3.8. Effect of DKK-1 on Proliferation and Apoptosis of Gastric Cancer Cells
DKK-1, a 15 μmol/L (Wnt/β-catenin signal pathway inhibitor), was added to the untransfected BGC-823 cells as the inhibitor and untreated groups. After 48 h, MTT method was used to detect cell proliferation, while flow cytometry was used to detect apoptosis. Western blotting was used to detect the expression of Wnt2, p-GSK-3β, β-catenin, Bax, and bcl-2 protein.
3.9. Statistical Analysis
Data were processed using SPSS16.0 software. Single-factor analysis was used for comparison between multiple groups, while independent paired t-test was used for pairwise comparison. A P<0.05 was regarded as statistically significant.

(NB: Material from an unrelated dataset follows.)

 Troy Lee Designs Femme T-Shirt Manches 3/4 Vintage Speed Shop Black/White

4. Results4.1. Expression of MAC30 in Gastric Cancer and Its Adjacent Tissues
The qPCR test results showed that the relative expression levels of MAC30 in the diseased tissues and corresponding adjacent tissues of 68 gastric cancer patients were 0.96±0.11 and 0.36±0.06, respectively, while the differences were statistically significant (t=39.487, P<0.05) as shown in Figure 1. Overall, this result suggests that MAC30 is expressed in gastric cancer and its adjacent tissues, while the expression was increased in gastric cancer.

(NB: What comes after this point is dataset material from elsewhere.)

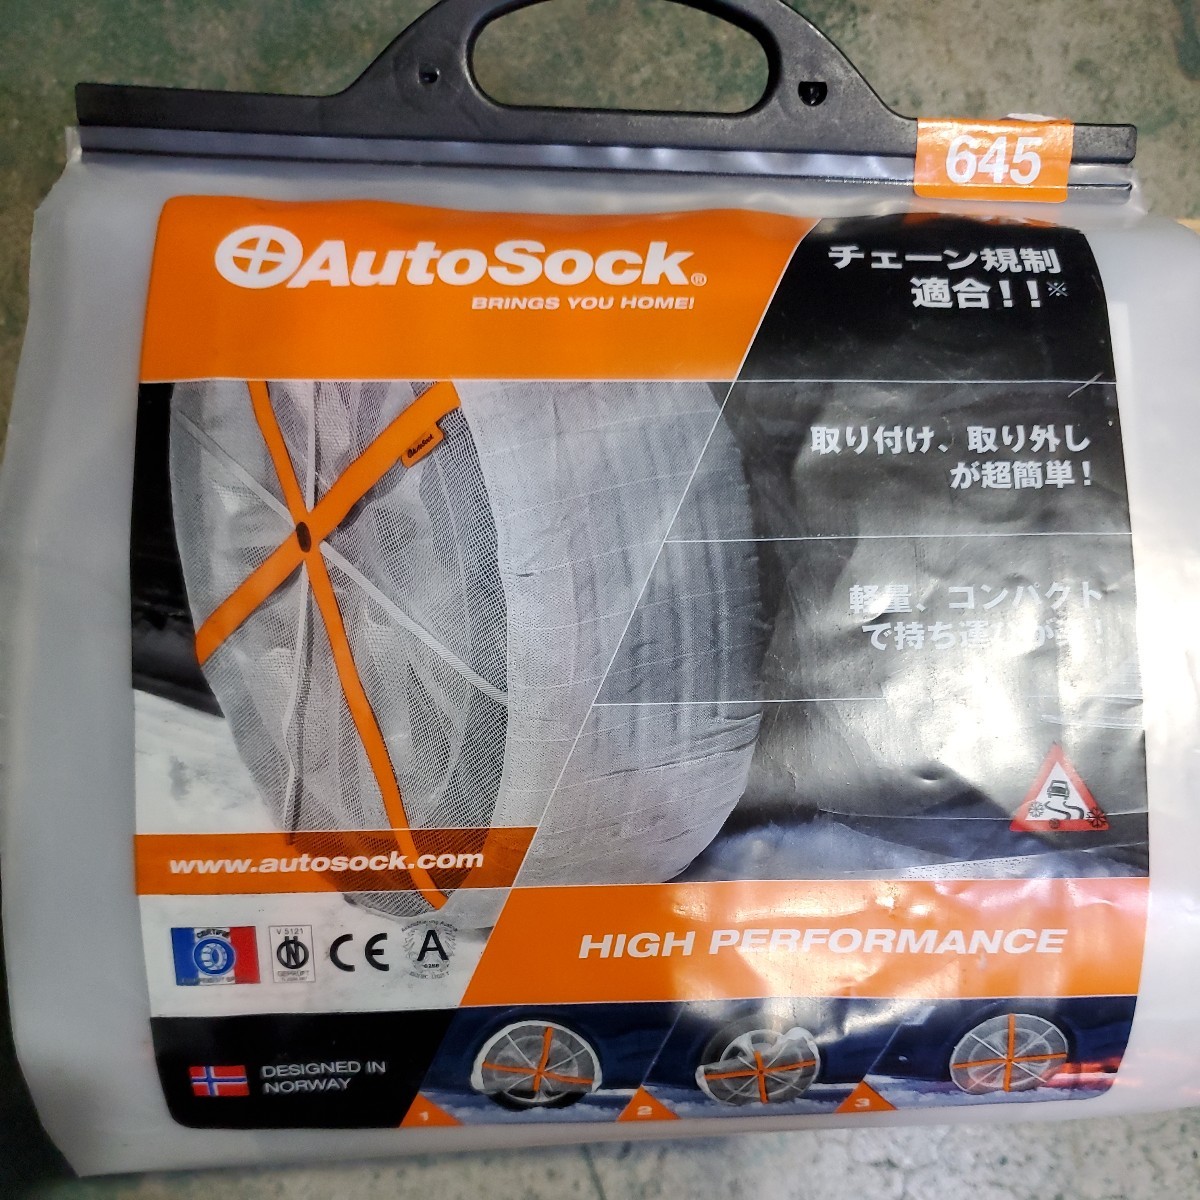  Auto Sock sAutoSock cloth made tire chain chain restriction conform 645

Relative expression of MAC30 in gastric cancer and its adjacent tissues (∗P<0.05, compared with gastric cancer group).
4.2. Establishment of Gastric Cancer BGC-823 Cell Line Transfected with Lentivirus
The gastric cancer BGC-823 cells infected with lentivirus were screened to obtain MAC30-expressing cell lines and empty vector cell lines as interference and negative groups, respectively. Observation under a fluorescence microscope showed that the cell lines in both the negative and the interference groups showed green fluorescence, that is, the expression of the tag protein GFP on the lentivirus expression vector, indicating that the infection was successful, while the blank group cells did not display green fluorescence (Figure 2). Importantly, gastric cancer was successfully established in the BGC-823 cell line after transfection with lentivirus.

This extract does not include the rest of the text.